What are Enzymes?
Have you ever read a biology journal? If you have, of course you will find enzymes and their explanations. Enzymes are biocatalysts for biochemical reactions in living organisms.
A biocatalyst is a biological substance that can speed up a biochemical reaction without being consumed in the biochemical reaction. In an enzymatic reaction, the enzyme converts the initial molecule of the substance, the substrate, into a reaction product whose molecular shape is different from the initial molecule. The molecules resulting from this reaction are called products.

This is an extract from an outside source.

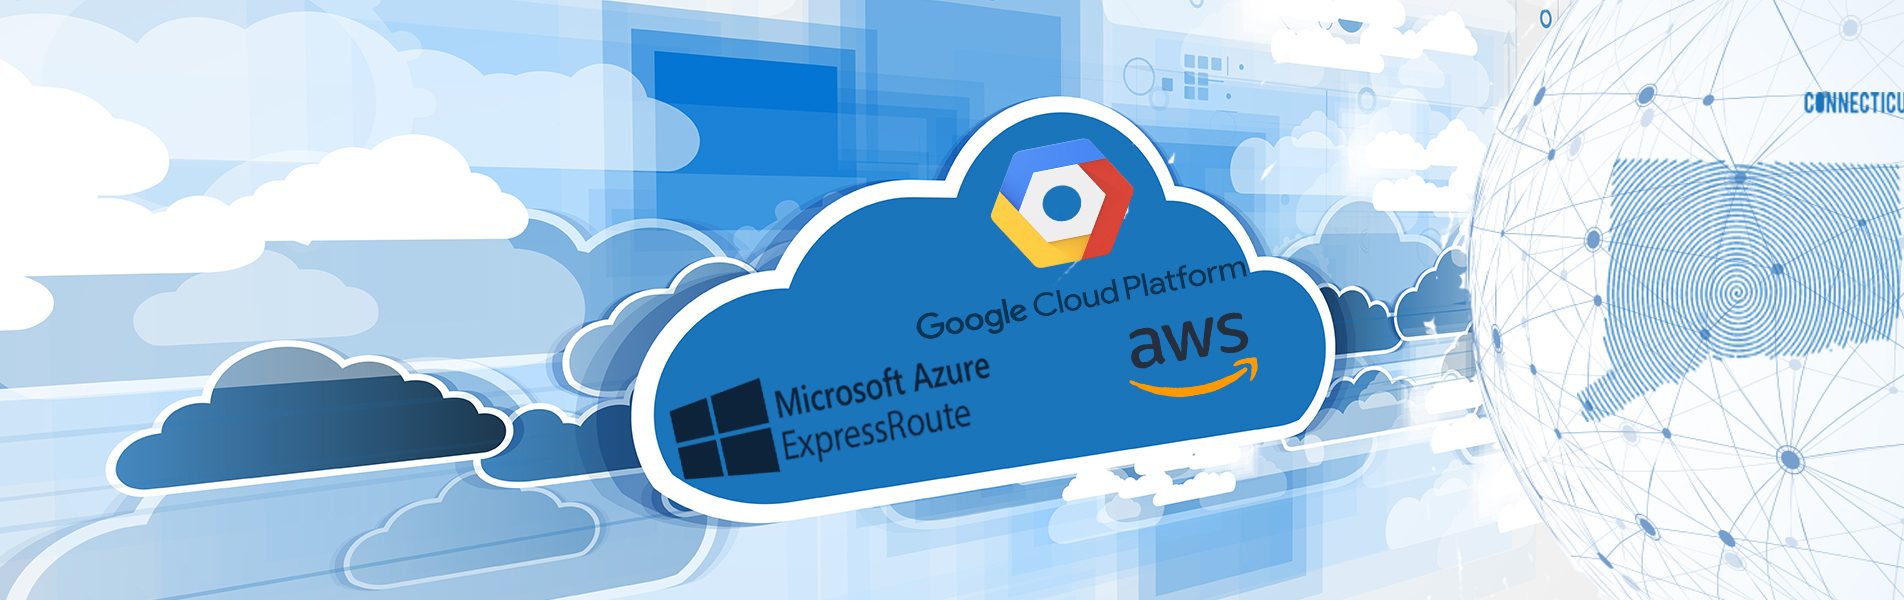 Cloud connect graphic, image of a cloud with Google Cloud Platform logo, Microsoft Azure ExpressRoute logo, and AWS logo

Almost every reaction in a biological cell requires enzymes in order to occur at a significant rate. Enzymes only react with certain substrates (work specifically) and only catalyze certain reactions. The action of specific enzymes determines what reactions and how they occur in the cell. The sequence of reactions that occur in these cells is called the metabolic pathway.
Enzyme activity can be influenced by other molecules. Molecules that decrease enzyme activity are called inhibitors. Most drugs and poisons are inhibitors. Molecules that increase enzyme activity are called activators. Enzyme activity is also affected by temperature, substrate concentration and environmental conditions, such as acidity.
History of Enzymes
Enzymes are very close to the daily life of humans. Digestion of meat in the stomach, conversion of starch into simple sugars in our mouth, and so on.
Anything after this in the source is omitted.